In Spain, during and after the Civil War, the concept of "Santa Intolerancia" - Holy Intolerance - was developed. It has been cast aside because it was applied, it has to be said, scandalously. But conceptually, it feels like an area of theology ripe for development.
What should our attitude be towards a government which tells us that gay couples can adopt children and bring them up? Intolerant, but in an intolerance imbued with Charity. What should our attitude be towards a government which tells us that non-Catholic families should not only be allowed to attend Catholic schools as of right, but that the school can't ask the parents to sign a document accepting the nature of the school to which their children will be sent? Intolerant, but in an intolerance imbued with Faith. What should our attitude be towards a government which tells us that abortion should be liberalised? Intolerant, but with an intolerance imbued with Hope.
These thoughts are inspired by Fr Dwight Longenecker's posting on "Tolerance and Tyranny", a short meditation on what the Pope means by "the Dictatorship of Relativism". It strikes me that in the West our inculturisation to the secular world has come to mean accepting tolerance as a supreme virtue. Fr Dwight quotes Chestertom: "Tolerance is a nice word for indifference and indifference is an elegant word for ignorance".
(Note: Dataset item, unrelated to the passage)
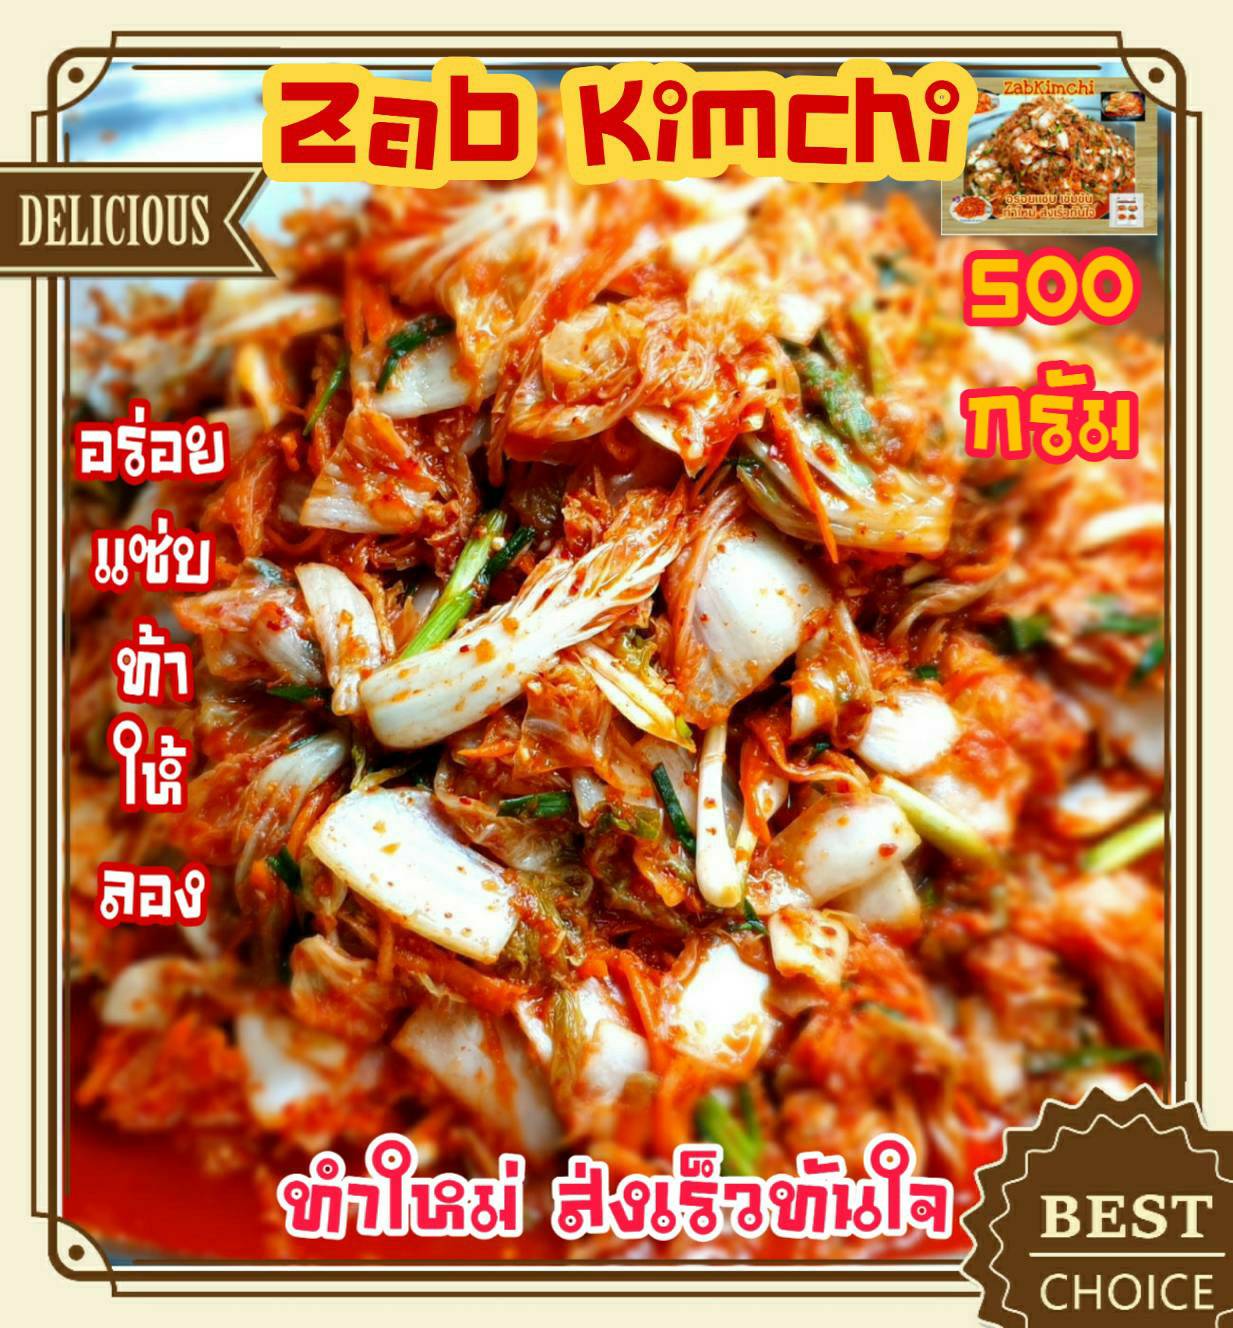 กิมจิ กิมจิผักกาดขาว 500 g. อร่อย แซ่บ ท้าให้ลอง Homemade Kimchi กิมจิเกาหลี กิมจิผักกาดขาว กิมจิเห็ด กิมจิโพกิ กิมจิต้นหอม กิมจิโฮมเมด

I have taken this far further than Fr Dwight probably would want to go, but I think that the time for a bit of properly theologically founded Intolerance might be a better response to what my friend Moretben (from http://theundercroft.blogspot.com/) described, in another place, as what certainly feels to me like "an attack on the Mystical Body". My first thought was that the Scottish Cardinal's statement that he would simply ignore the SORS legislation, and wait for Catholic adoption agencies in Scotland to be hauled before the courts, left us open to a government "divide and rule" policy. I'm beginning to think that I was wrong, and that he has got it right: let us be wholly intolerant (and "holy intolerant" - let's not make the Spanish mistake) of attacks on our core beliefs.